In celebration of the spirit, Heard Mentality says 'feliz día de la mujer!' with this list of the following five feminist anthems!
1. Queen Latifah - U.N.I.T.Y.
This rap song for the ages is nearly twenty years old as it was released back in the day in 1993. Still, the saxophone melodies and the lyrical demand for self respect "Who you calling a bitch?" in the song is as important now as it was then when I would see it selected on The Box music channel.
In "Four Women" the great singer, pianist, composer Nina Simone took listeners through a brilliant lyrical portrait of four African-American women throughout history.
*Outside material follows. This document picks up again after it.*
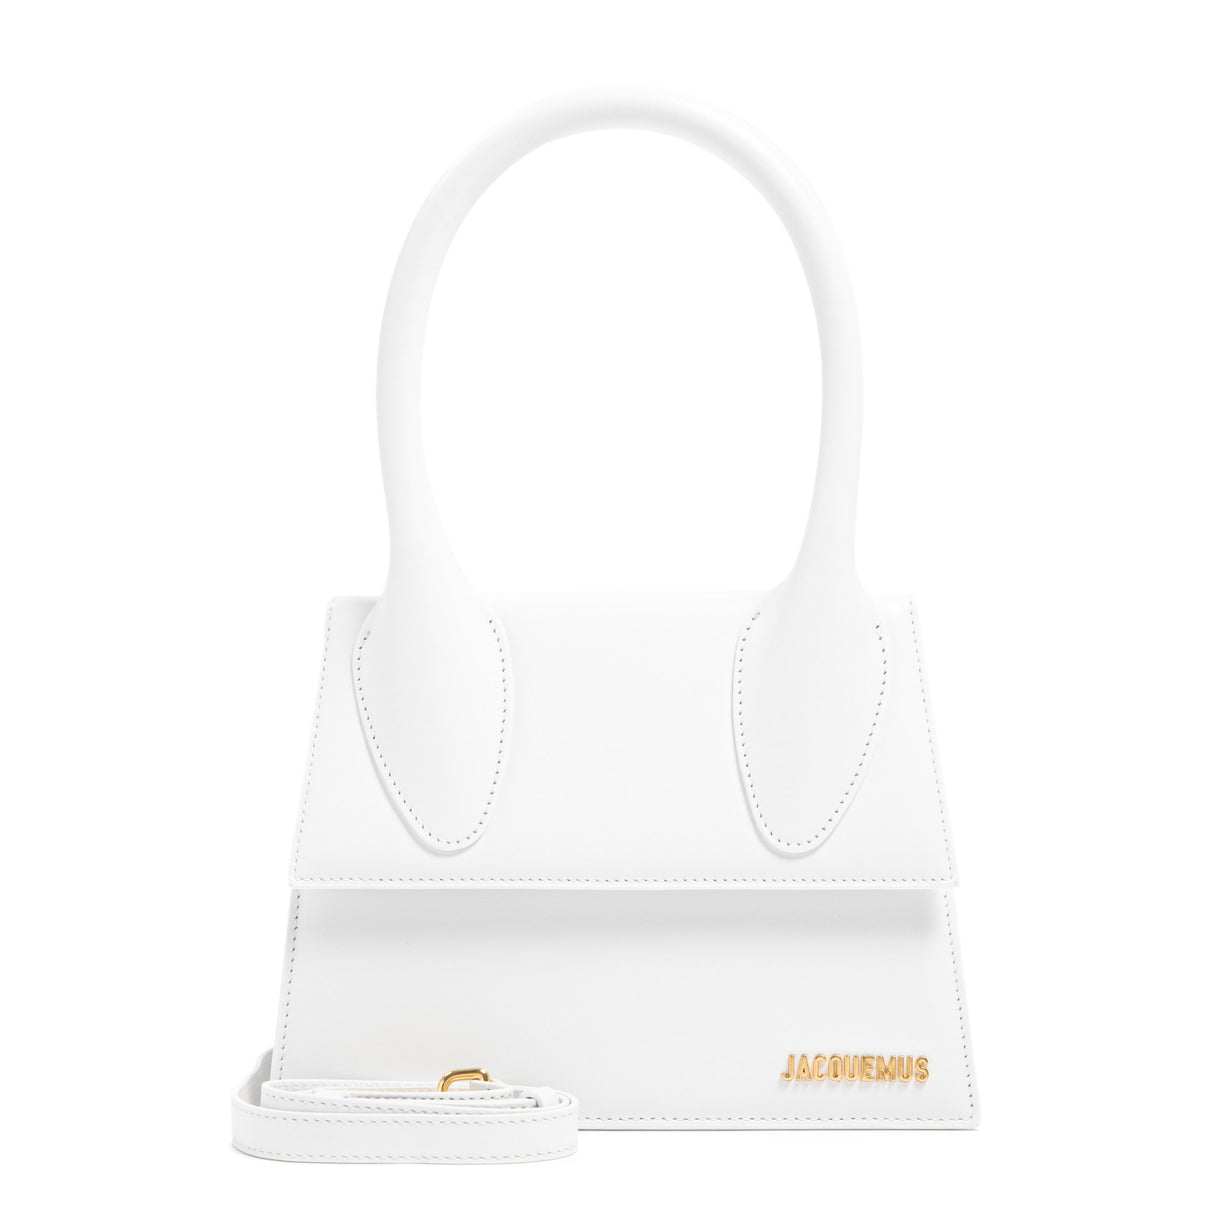 JACQUEMUS Stylish White Leather Shoulder Bag for Women

Rapper Talib Kweli would later do a version called "For Women" on Reflection Eternal's Train of Thought album paying homage to the masterpiece.
The title track off of the mid-'90s Righteous Babe records release, "Not a Pretty Girl" illustrated Ani Difranco's songwriting prowess: "Every time I say something they find hard to hear / They chalk it up to my anger / And never to their own fear." At concerts, her every words are faithfully recited by adoring audiences.
Brilliant in their militancy, Krudas Cubensi, the Austin-based duo by way of Cuba, are fiercely feminist rappers on a mission. When they perform the 'let your belly hang out' anthem "La Gorda" Pasa Kruda now prefixes it with an earlier song from the collective's career "Eres Bella." The continuity of content in celebrating beauty is executed with perfection.
What's a list of International Women's Day inspired music would be complete without some riot grrl rock? Dedicate Kathleen Hanna's chorus line "Rebel girl / You are the queen of my world" to all the women in your life today (all day, every day!)